Studio album by Lefay
- Released: 20 July 1999
- Recorded: Wavestation L.A., Sweden
- Genres: Heavy metal, power metal, progressive metal
- Length: 53:48
- Label: Noise
- Producers: Lefay & Ulf Peterson

Lefay chronology
| Fata Morgana (1998) | The Seventh Seal (1999) | Symphony of the Damned, Re-symphonised (1999) |

= The Seventh Seal (Morgana Lefay album) =

The Seventh Seal is the seventh album for Swedish heavy metal band Morgana Lefay, at the time named Lefay.

Rock Hard praised the album in a 9 out of 10-point review. Technically, the members performed "highly imaginative guitar work and sophisticated vocal lines", combining into a "truly impressive performance". The band steered clear of clichés and managed to write varied songs "encompassing all the shades of" the power metal genre.

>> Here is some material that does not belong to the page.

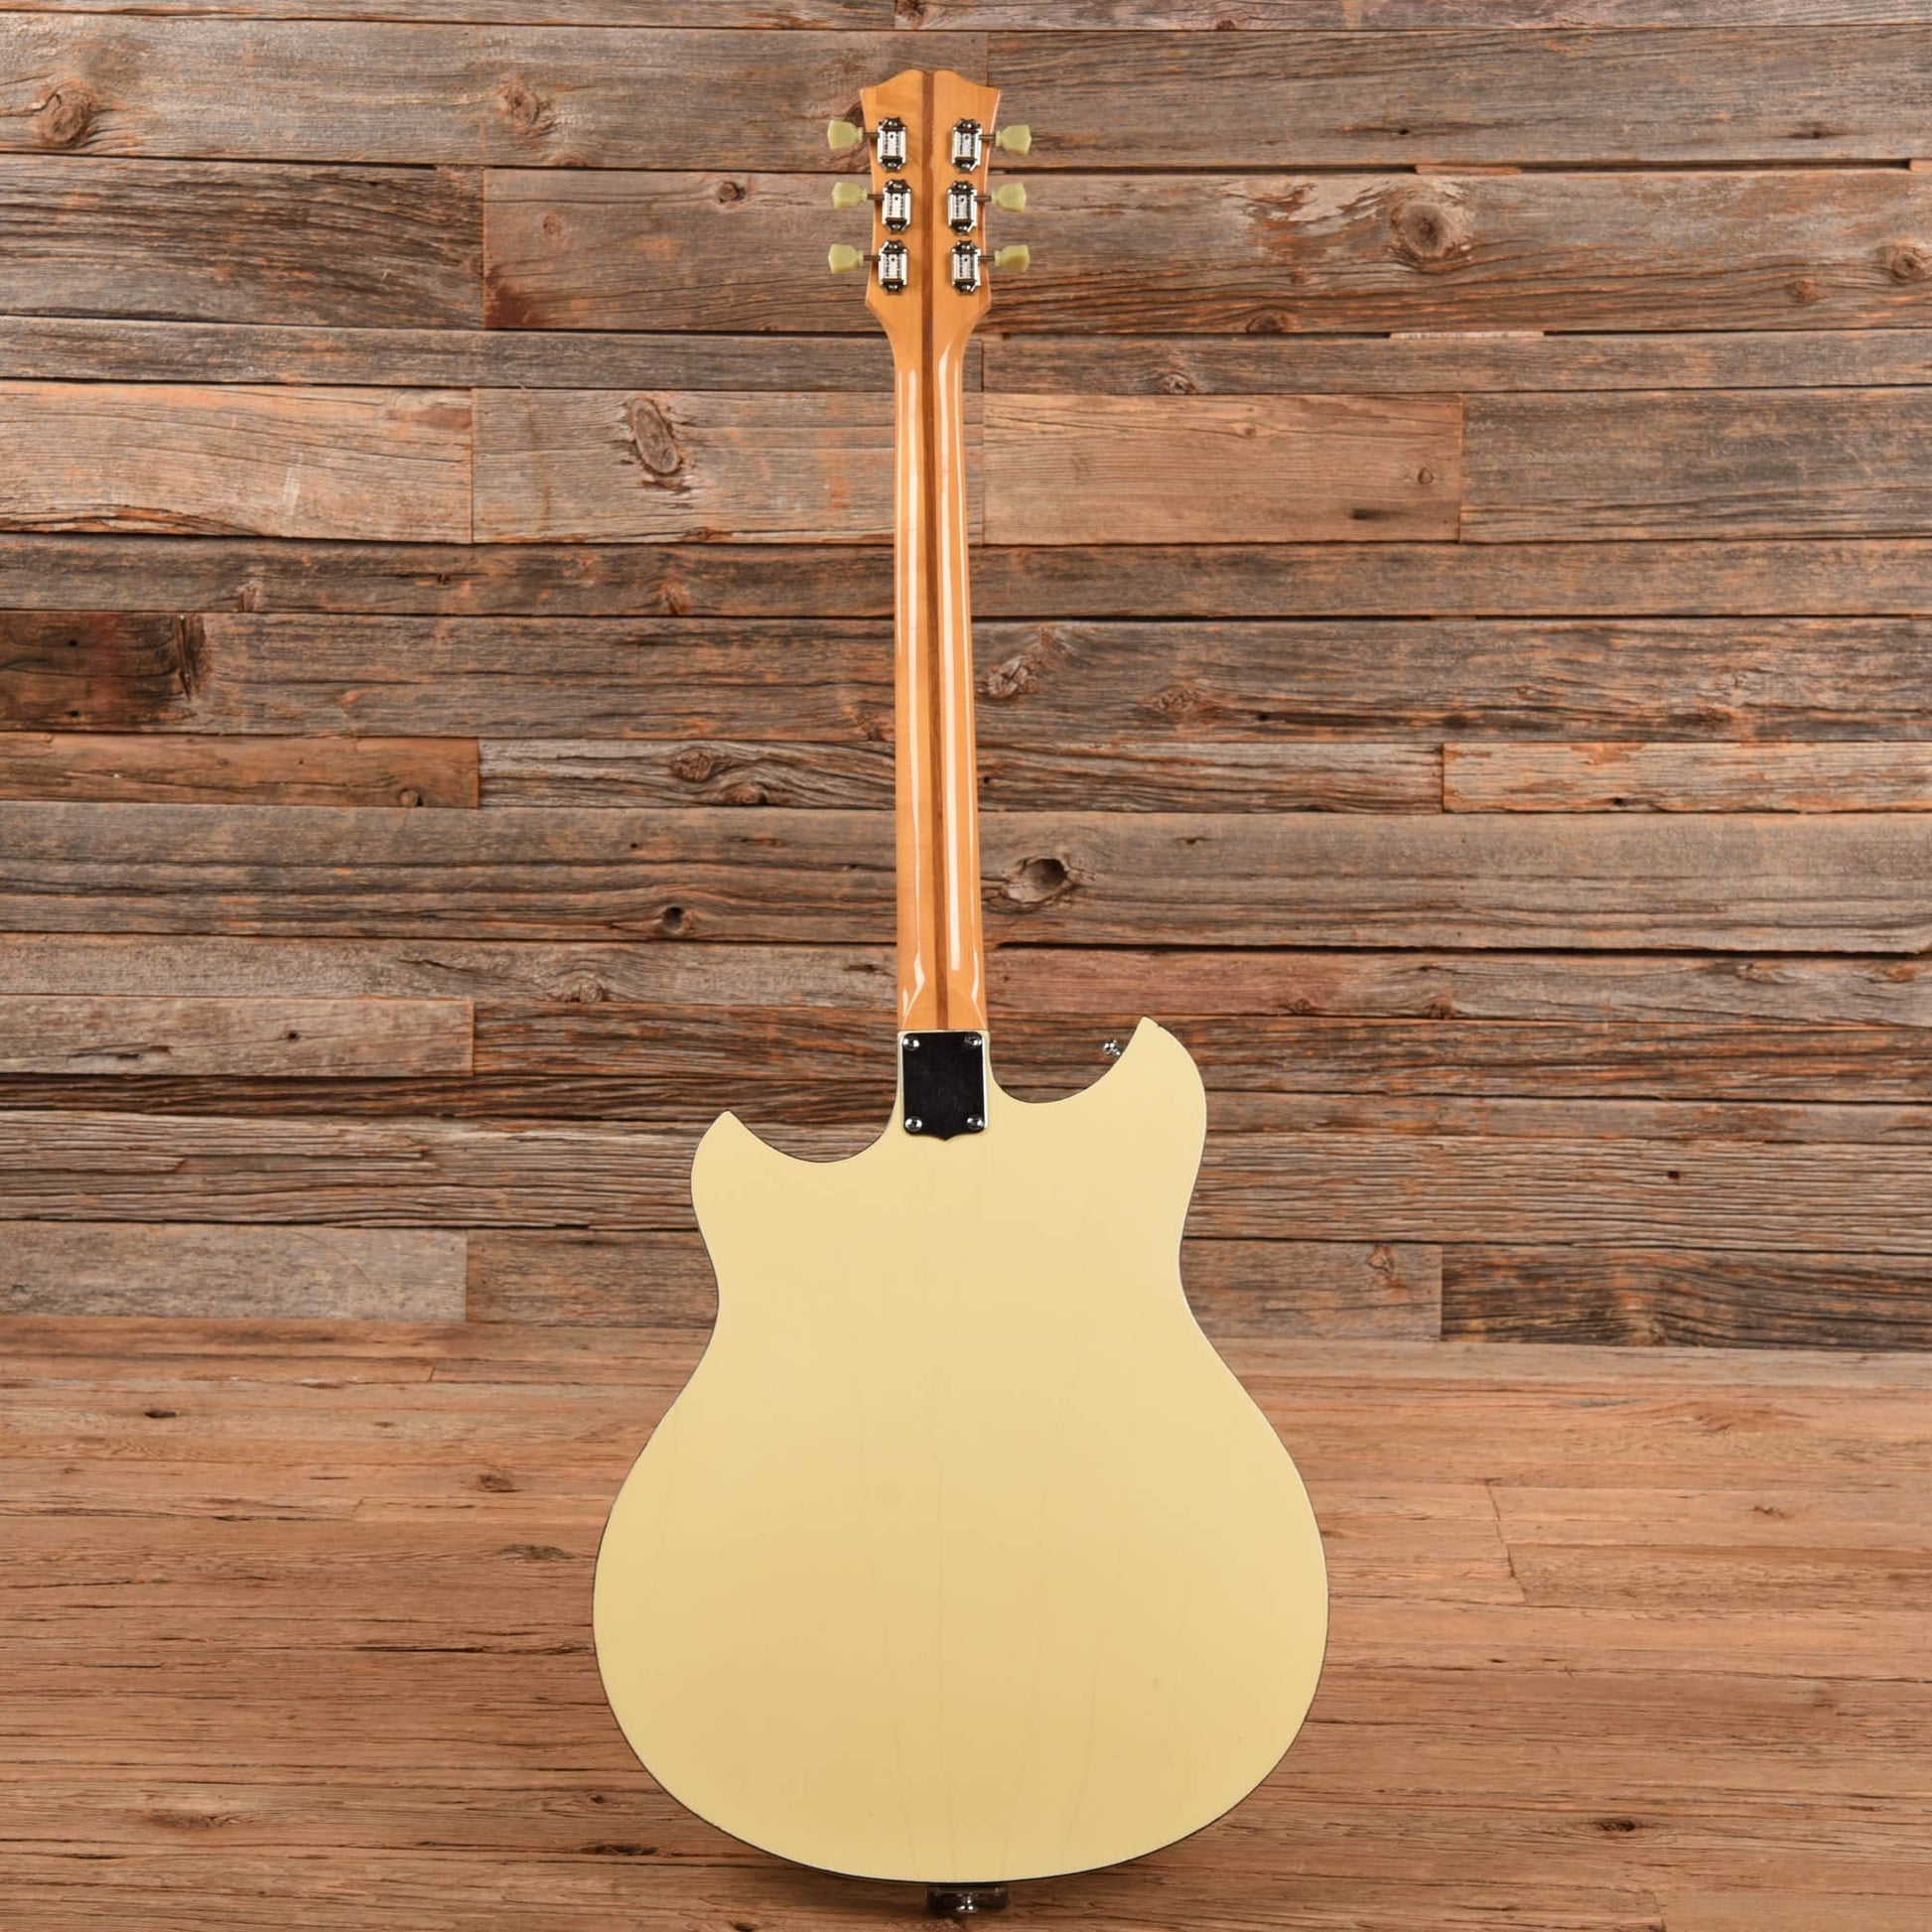 Kent Model 820 White 1960s Electric Guitars / Semi-Hollow
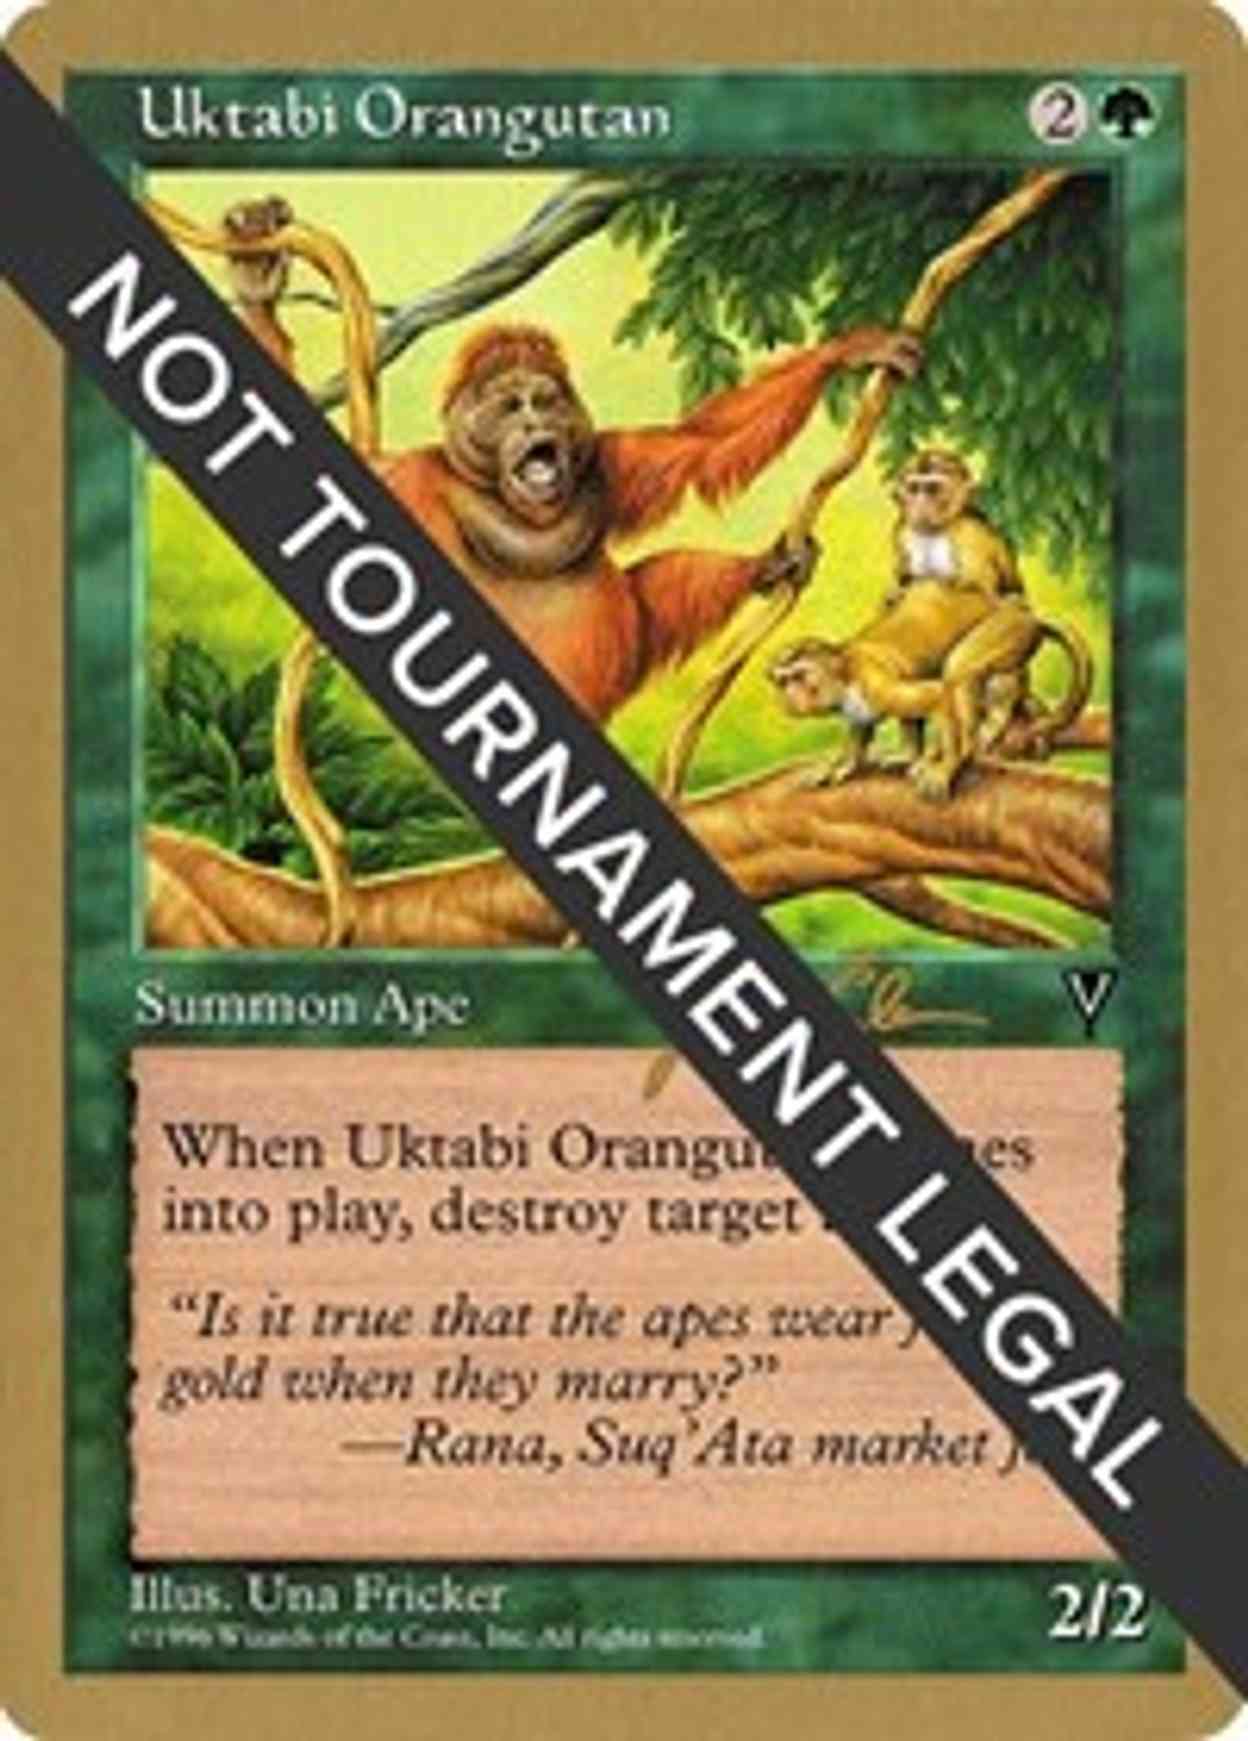 Uktabi Orangutan - 1997 Jakub Slemr (VIS) magic card front

Steve Huey of AllMusic stated that the album is "stylistically similar to the original band's blend of British power-metal, orchestrated progressive metal, and Gothic sensibility; while it doesn't stand head and shoulders above the Morgana Lefay back catalog, it's still up to that level, and fans will be satisfied".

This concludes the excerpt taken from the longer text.